KLVM
- Santa Cruz, California; United States;
- Broadcast area: Central Coast of California
- Frequency: 88.9 MHz (HD Radio)

Programming
- Format: Contemporary Christian music
- Subchannels: HD2: K-Love Eras; HD3: Radio Nueva Vida; HD4: KAMB simulcast;
- Network: K-Love

Ownership
- Owner: Educational Media Foundation

History
- First air date: 1972
- Former call signs: KUSP (1972–2018)
- Former frequencies: 89.1 MHz (1972–1974)
- Call sign meaning: "K-Love Monterey"

Technical information
- Licensing authority: FCC
- Facility ID: 51718
- Class: B
- ERP: 1,250 watts
- HAAT: 761 meters (2,497 ft)
- Translators: 89.1 K206BQ (Hollister); HD3: 93.5 K228FD (Monterey); HD4: 96.3 K242AT (Salinas, Etc.);

Links
- Public license information: Public file; LMS;
- Webcast: Listen Live Listen Live (HD2)
- Website: klove.com nuevavida.com (HD3)

= KLVM (FM) =

K-Love radio station in Santa Cruz, California

KLVM (88.9 MHz) is an FM radio station broadcasting a Contemporary Christian music format. Licensed to Santa Cruz, California, United States, the station is an affiliate of the K-LOVE Christian music radio network and is owned by Educational Media Foundation. The signal covers much of California's Central Coast.

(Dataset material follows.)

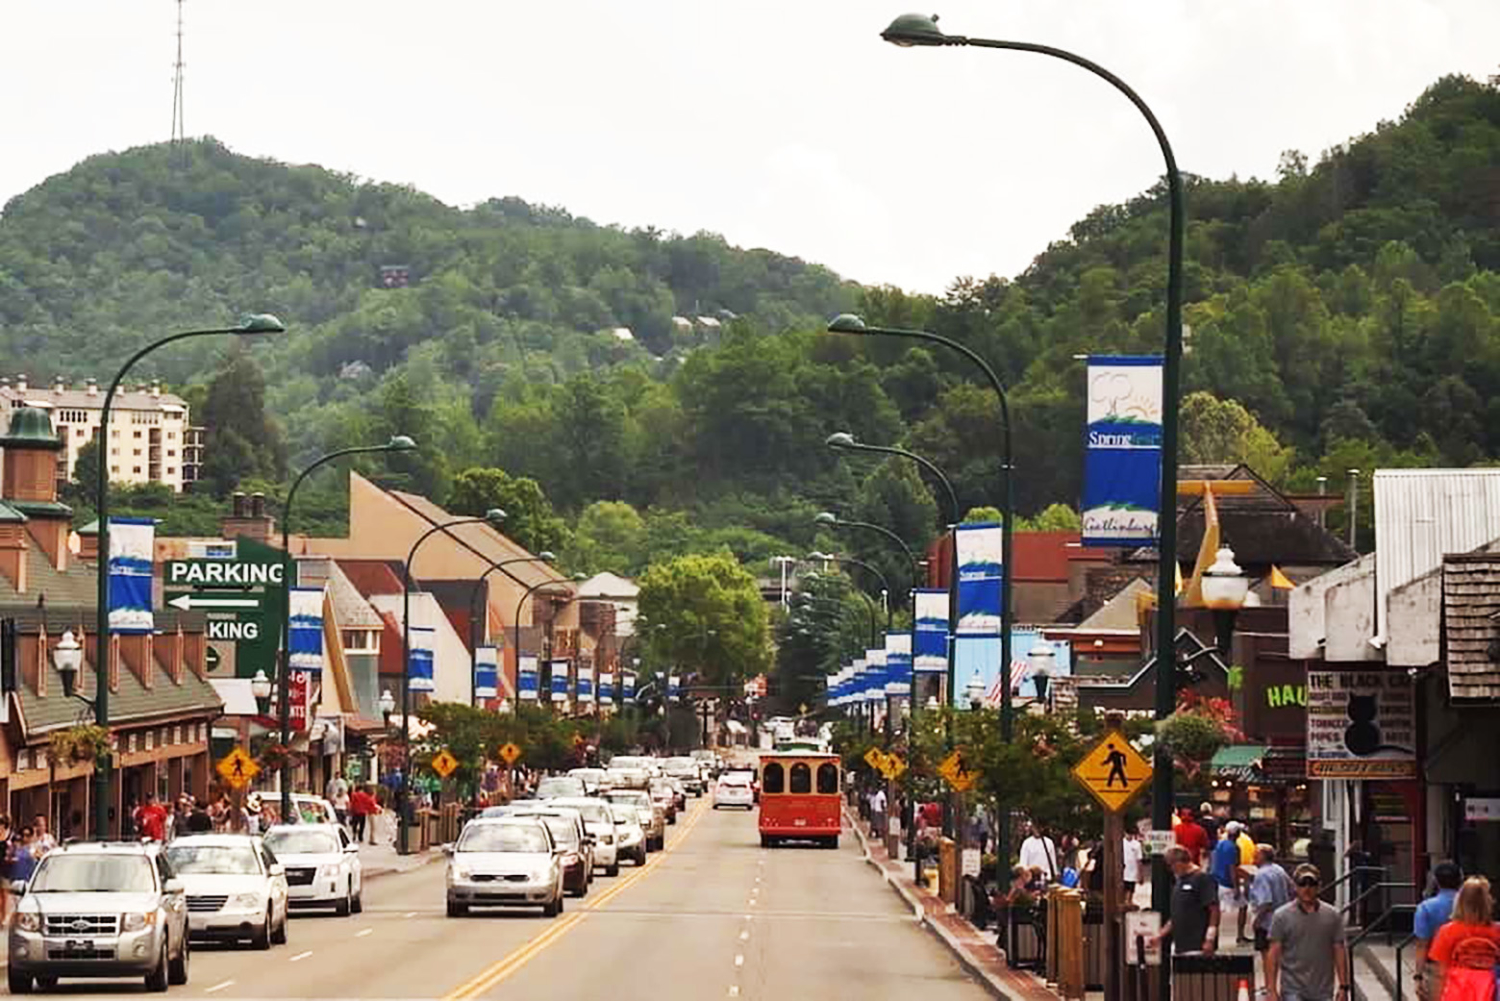 Visitors line the streets of Downtown Gatlinburg.

==Pataphysical Broadcasting Foundation, 1972==
David Freedman and Lorenzo Milam started KUSP, as Pataphysical Broadcasting Foundation, Inc. on 89.1 MHz in 1972, broadcasting from downtown Santa Cruz. In May 1974, it moved the transmitter to the much higher Mt. Toro, increased power from 10 watts to 1,250 watts ERP and changed frequency from 89.1 to 88.9 MHz.

It broadcast music, and programs of local interest and later added programs from NPR. On November 1, 2015, the format changed to an adult album alternative, with a few news and information programs.

On August 1, 2016, KUSP ceased programming and on August 12 declared bankruptcy.

==Educational Media Foundation, 2016==
On December 19, 2016, the Educational Media Foundation filed an application with the FCC to purchase the license for $605,000. The application was granted on February 6, 2017, and the purchase was consummated on March 16, 2017.

Educational Media Foundation resumed the operation of KUSP on April 5, 2017. On April 5, 2017, it filed applications with the FCC to sell the licenses of the K207CN, K217EK and K237EV translators to California State University, Monterey Bay (owner of KAZU) for $5,000. The applications were consummated on June 30, 2017, and July 7, 2017.

On April 21, 2017, KUSP was granted a Federal Communications Commission construction permit to move the transmitter site of translator K206BQ .708 miles to Fremont Peak and decrease the effective radiated power from 200 watts to 150 watts. The station changed its call sign to KLVM on January 22, 2018. KLVM broadcasts 1 HD subchannel on 88.9 HD2 airing the K-Love Classics format.